Перешагнув через поваленный, опутанный повиликой плетень, Наталья вошла
в свой сад. Прижимая руки к сердцу, остановилась возле свежего холмика
земли.
Сад буйно зарастал крапивою и бурьяном. Пахло мокрыми от росы лопухами,
влажной землей, туманом. На старой засохшей после пожара яблоне одиноко
сидел нахохлившийся скворец. Могильная насыпь осела. Кое-где между комьями
ссохшейся глины уже показались зеленые жальца выметавшейся травы.
Потрясенная нахлынувшими воспоминаниями, Наталья молча опустилась на
колени, припала лицом к неласковой, извечно пахнущей смертным тленом
земле...
Через час она крадучись вышла из сада, в последний раз со стиснутым
болью сердцем оглянулась на место, где некогда отцвела ее юность, -
пустынный двор угрюмо чернел обуглившимися сохами сараев, обгорелыми
развалинами печей и фундамента, - и тихо пошла по проулку.


С каждым днем Наталья поправлялась все больше. Крепли ноги, округлялись
плечи, здоровой полнотой наливалось тело. Вскоре стала помогать свекрови в
стряпне. Возясь у печи, они подолгу разговаривали.
Однажды утром Наталья с сердцем сказала:
- И когда же это кончится? Вся душа изболелась!
- Вот поглядишь, скоро переправются наши из-за Дона, - уверенно
отозвалась Ильинична.
- А почем вы знаете, мамаша!
- У меня сердце чует.
- Лишь бы наши казаки были целые. Не дай бог - убьют кого или поранют.

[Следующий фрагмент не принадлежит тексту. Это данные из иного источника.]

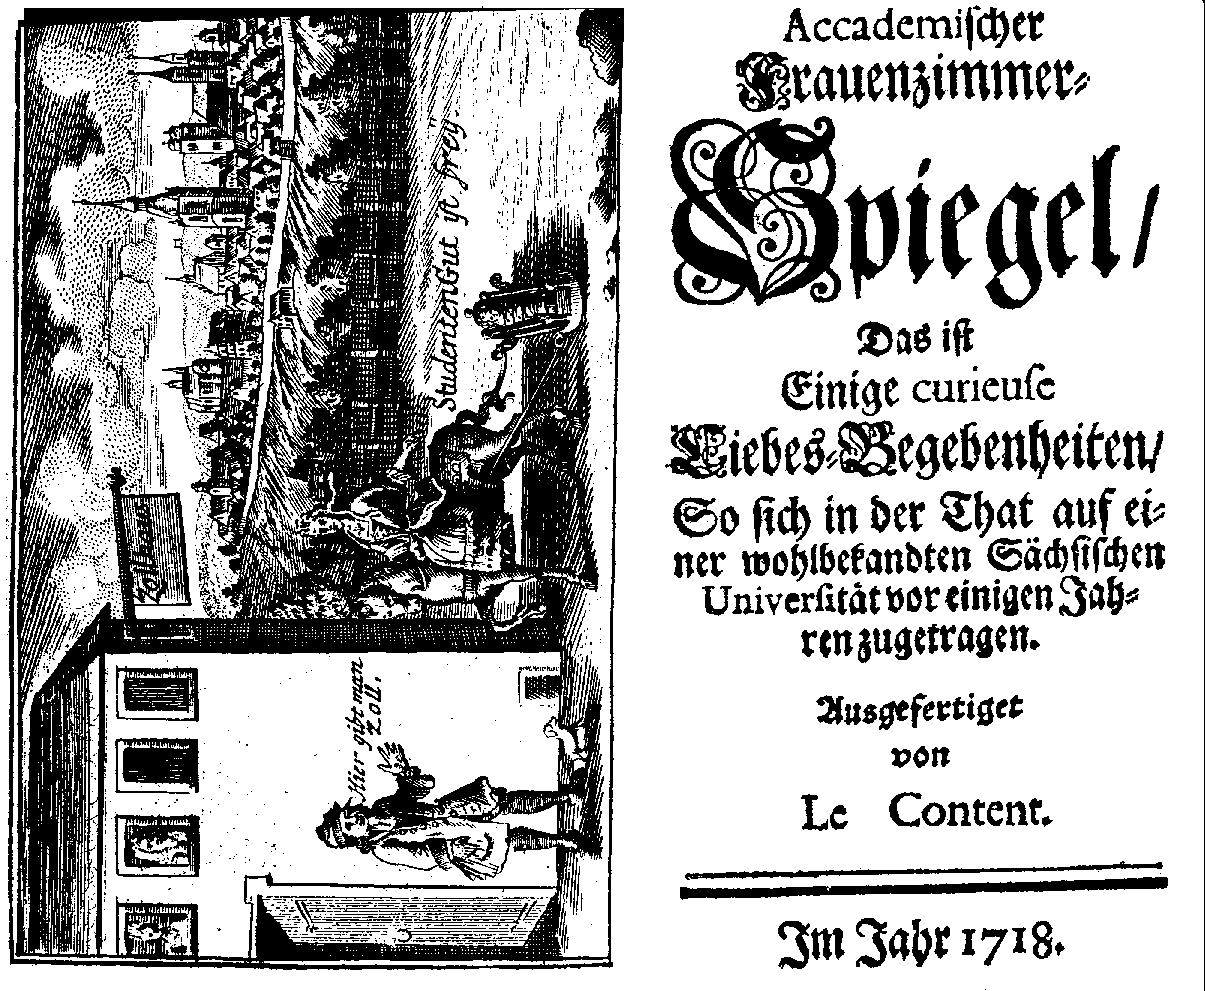 Le Content [pseud.], Accademischer Frauenzimmer-Spiegel (1718).

Гриша, ить он отчаянный, - вздохнула Наталья.
- Небось ничего им не сделается, бог не без милости. Старик-то наш
сулился опять переправиться, проведать нас, да, должно, напужался. Кабы
приехал - и ты бы с ним переправилась к своим, от греха. Нашито, хуторные,
супротив хутора лежат, обороняются. Надысь, когда ты ишо лежала без
памяти, пошла я на заре к Дону, зачерпнула воды и слышу - из-за Дона
Аникушка шумит: "Здорово, бабушка! Поклон от старика!"
- А Гриша где? - осторожно спросила Наталья.
- Он ими всеми командует издаля, - простодушно отвечала Ильинична.
- Откуда ж он командует?
- Должно, из Вешек. Больше неоткуда.
Наталья надолго умолкла. Ильинична глянула в ее сторону, испуганно
спросила:
- Да ты чего это? Чего кричишь-то?
Не отвечая, Наталья прижимала к лицу грязную завеску, тихо всхлипывала.
- Не кричи, Натальюшка. Слезой, тут не поможешь. Бог даст,
живых-здоровых увидим. Ты сама-то берегись, зря не выходи на баз, а то
увидют эти анчихристы, воззрятся...
В кухне стало темнее. Снаружи окно заслонила чья-то фигура. Ильинична
повернулась к окну и ахнула:
- Они! Красные! Натальюшка! Скорей ложись на кровать, прикинься, будто
ты хворая... Как бы греха... Вот дерюжкой укройся!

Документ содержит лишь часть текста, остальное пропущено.